Every campaign adds up to something. Make sure it adds up to the same thing.

2. Activity Isn’t Progress

Teams often confuse activity with progress. It is easy to believe that constant output means growth. But branding does not reward volume; it rewards coherence.

At CARS24, we often ask ourselves: do we want to win this moment, or win the memory? The answer changes everything; how we brief, how we prioritize, how we spend. Because the truth is simple: you cannot build recall on a moving foundation.

Before every campaign, ask a simple question: Does this strengthen memory, or just create movement?

3. Plan Backwards, Not Forwards

Building a brand requires patience, the kind that comes from seeing the year as one long story, not twelve short ones. It begins by asking, what do we want people to feel about us by the end of the year? and then planning backwards from there.

  • Define the emotion you want to own.
  • Let every brief express that same emotion in a new way.
  • Allow consistency to emerge from shared intent, not rigid rules.

When we plan with the year in mind rather than the week, the brand begins to sound like one voice instead of a collage of ideas competing for attention.

4. Annual Brand Planning Is a Discipline

Annual brand planning is a discipline; honoring it is intelligence.

It is how we align creativity with continuity and ensure the brand’s voice does not scatter across the year. It helps us decide what to focus on and what to skip.

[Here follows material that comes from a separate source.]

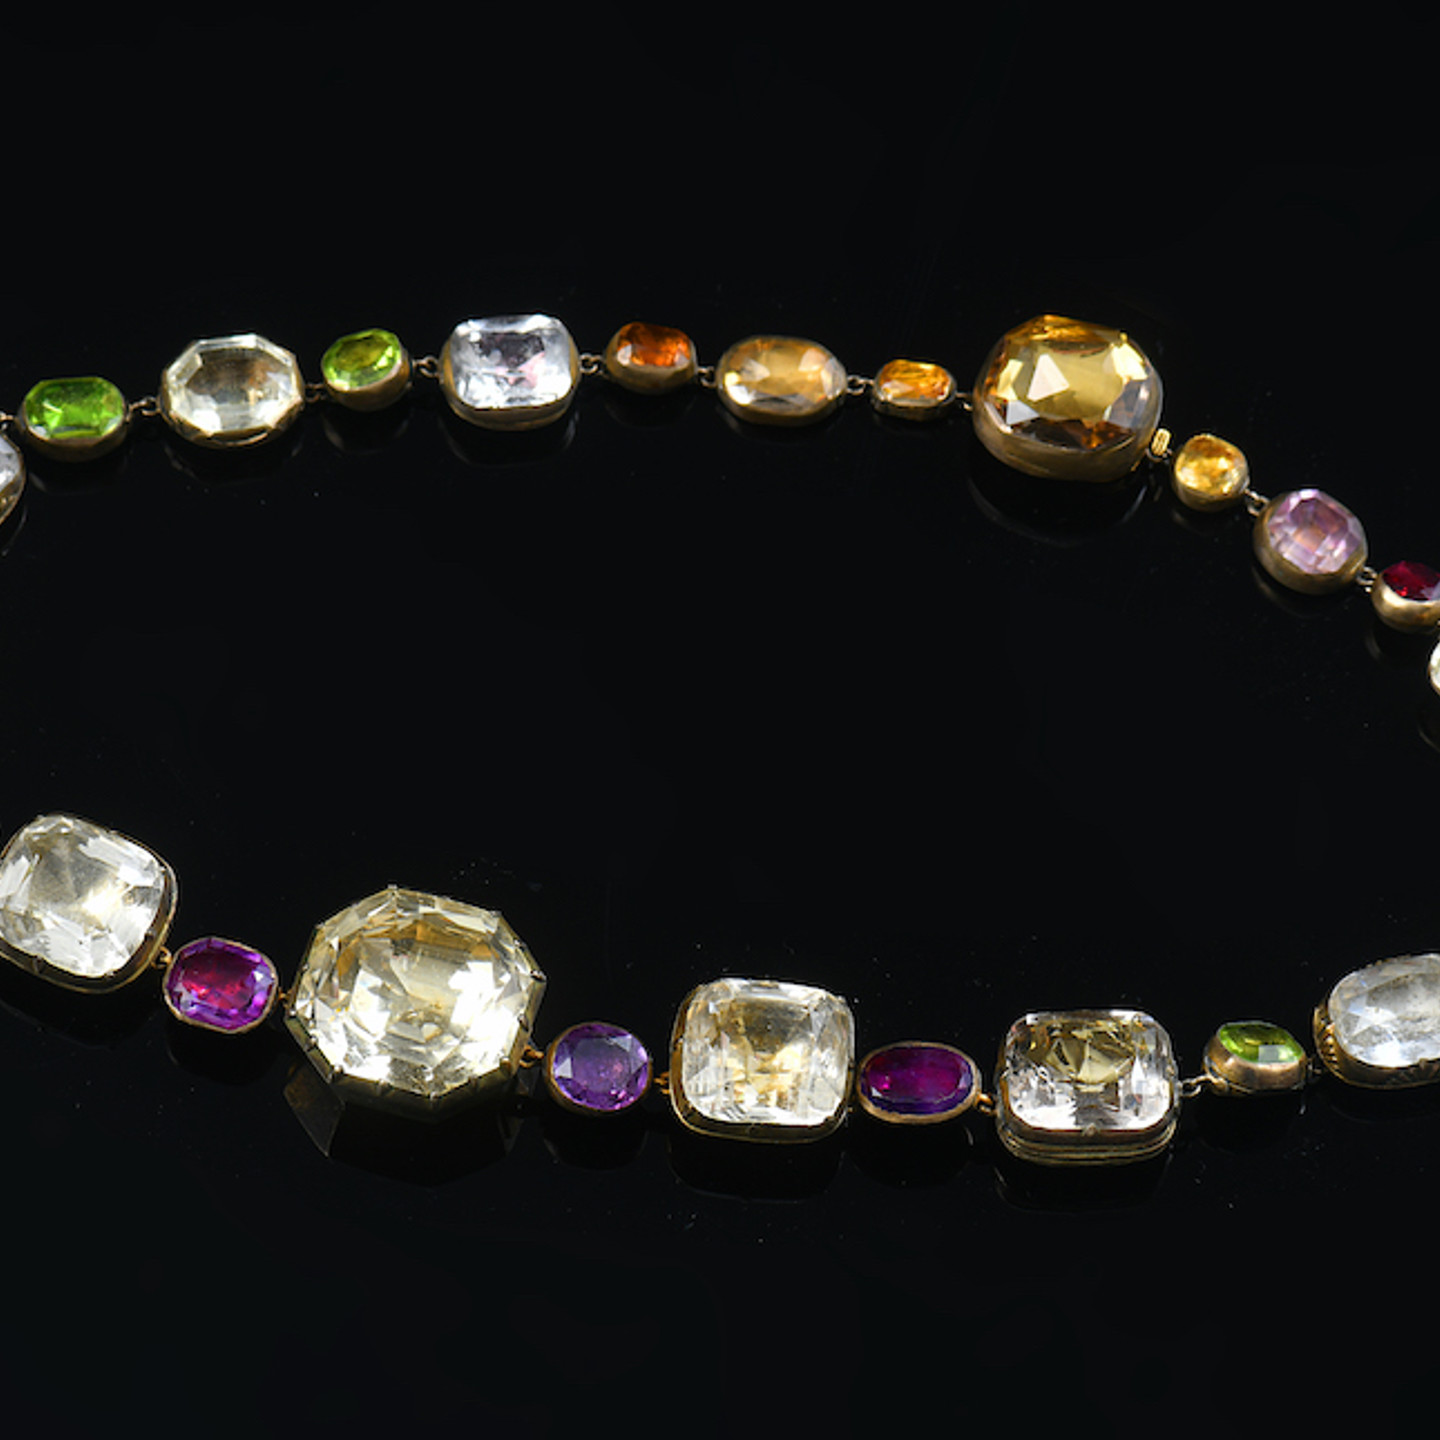 Georgian Victorian Necklace Set With Amethysts, Peridot, Quartz And Garnets. Sold For £4,800

It gives us the strength to say no to ideas that do not fit.

Because while great campaigns surprise people, great brands reassure them. They sound familiar, even when they say something new.

5. Consistency Creates Memory

In a world obsessed with novelty, consistency feels underrated. But it is consistency that makes a brand recognizable; the tone that never changes, the emotion that always shows up, the belief that does not bend with trends.

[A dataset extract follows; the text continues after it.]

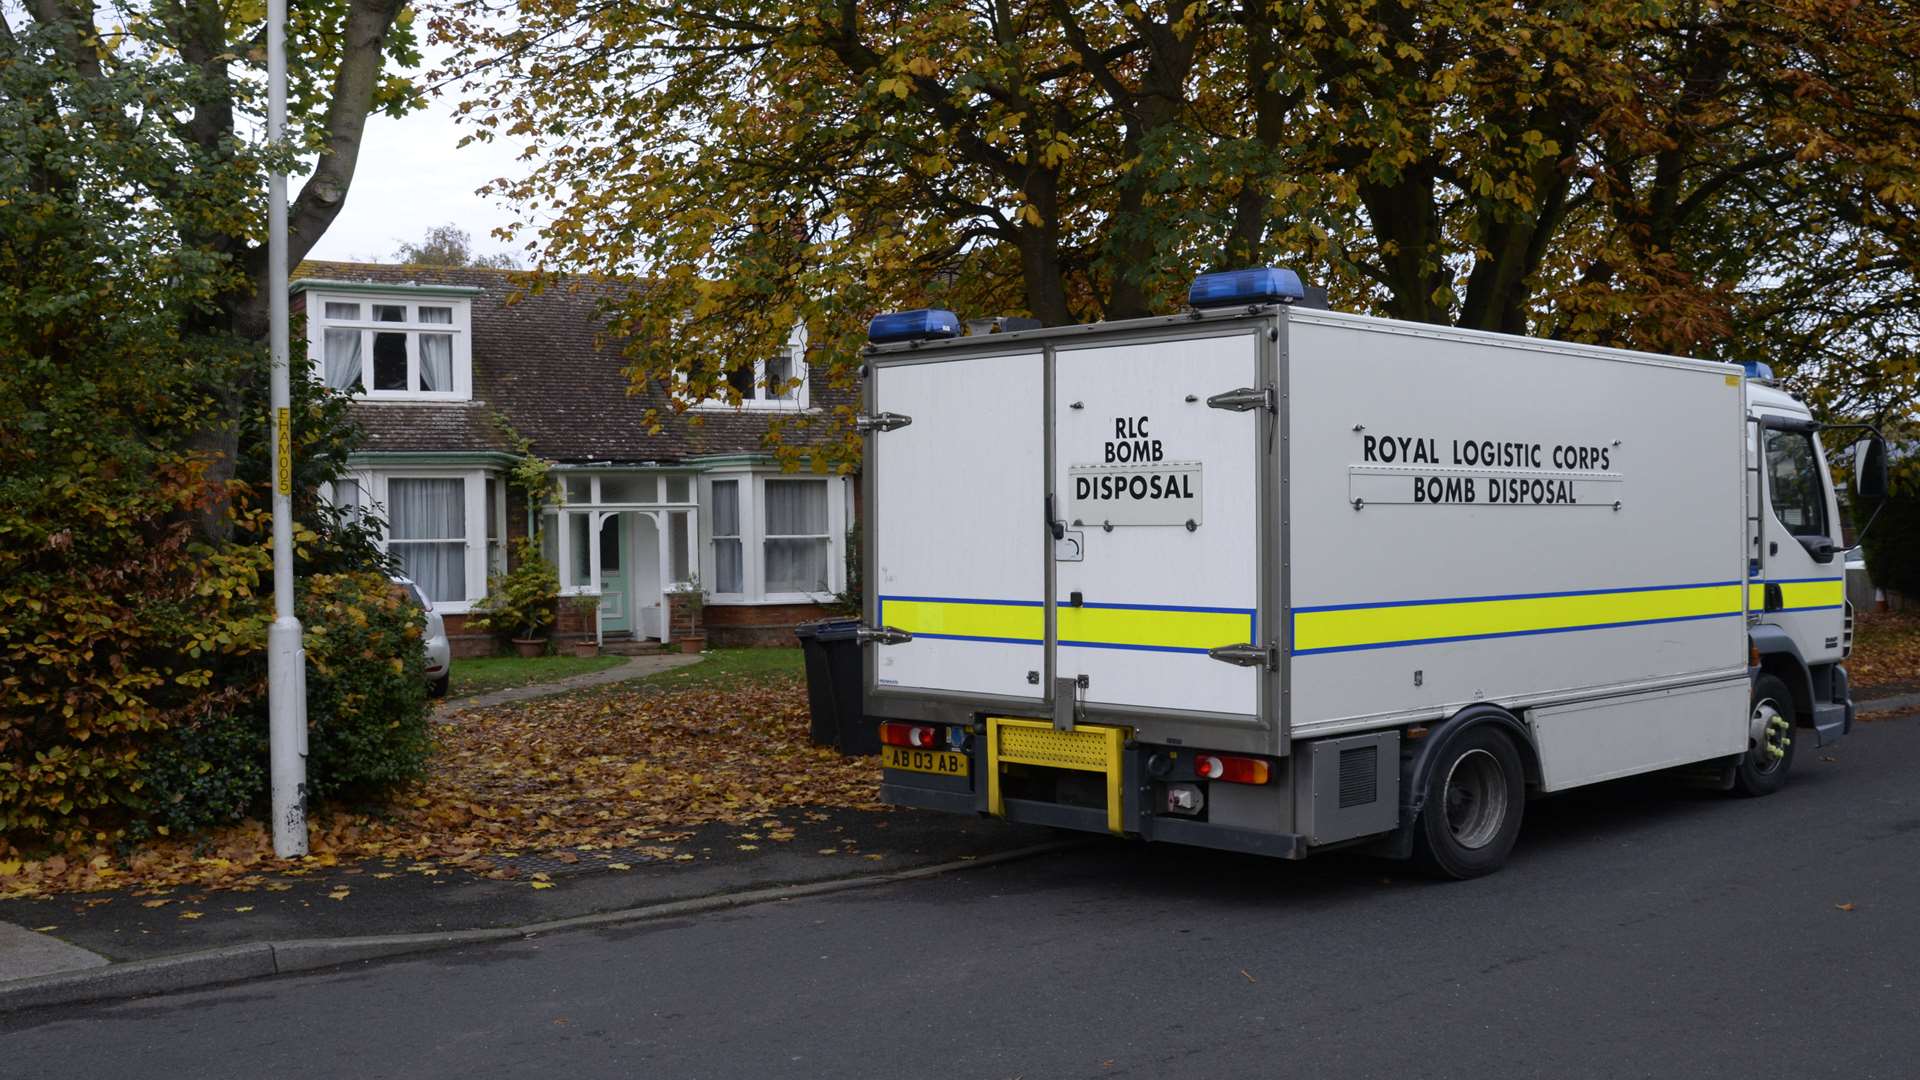 A Royal Logistics Corps bomb disposal van in Ham Shades Lane, Whitstable on Tuesday morning.

At CARS24, our brand stands for trust, simplicity, and confidence: three values that only hold power when they appear every time, in every message, across every touchpoint.

People do not remember what you said; they remember how you made them feel. Familiarity is not boring; it is branding.

6. The Slow Art of Branding

Brand building is a slow art. It is the quiet, steady rhythm beneath the noise, the one that does not change tempo with every festival but keeps time with the brand’s core belief.

It is the system that ties every brief, every idea, every execution back to a single emotional truth.

Campaigns are how we speak; branding is what we stand for. One creates attention, the other creates trust. The goal is not to choose between the two, but to make sure they build on each other. Every campaign should serve the brand, and every brand should inspire better campaigns.

Because the smartest brands know this: Campaigns keep you alive, branding keeps you remembered.

You need both: one for today, and one for tomorrow.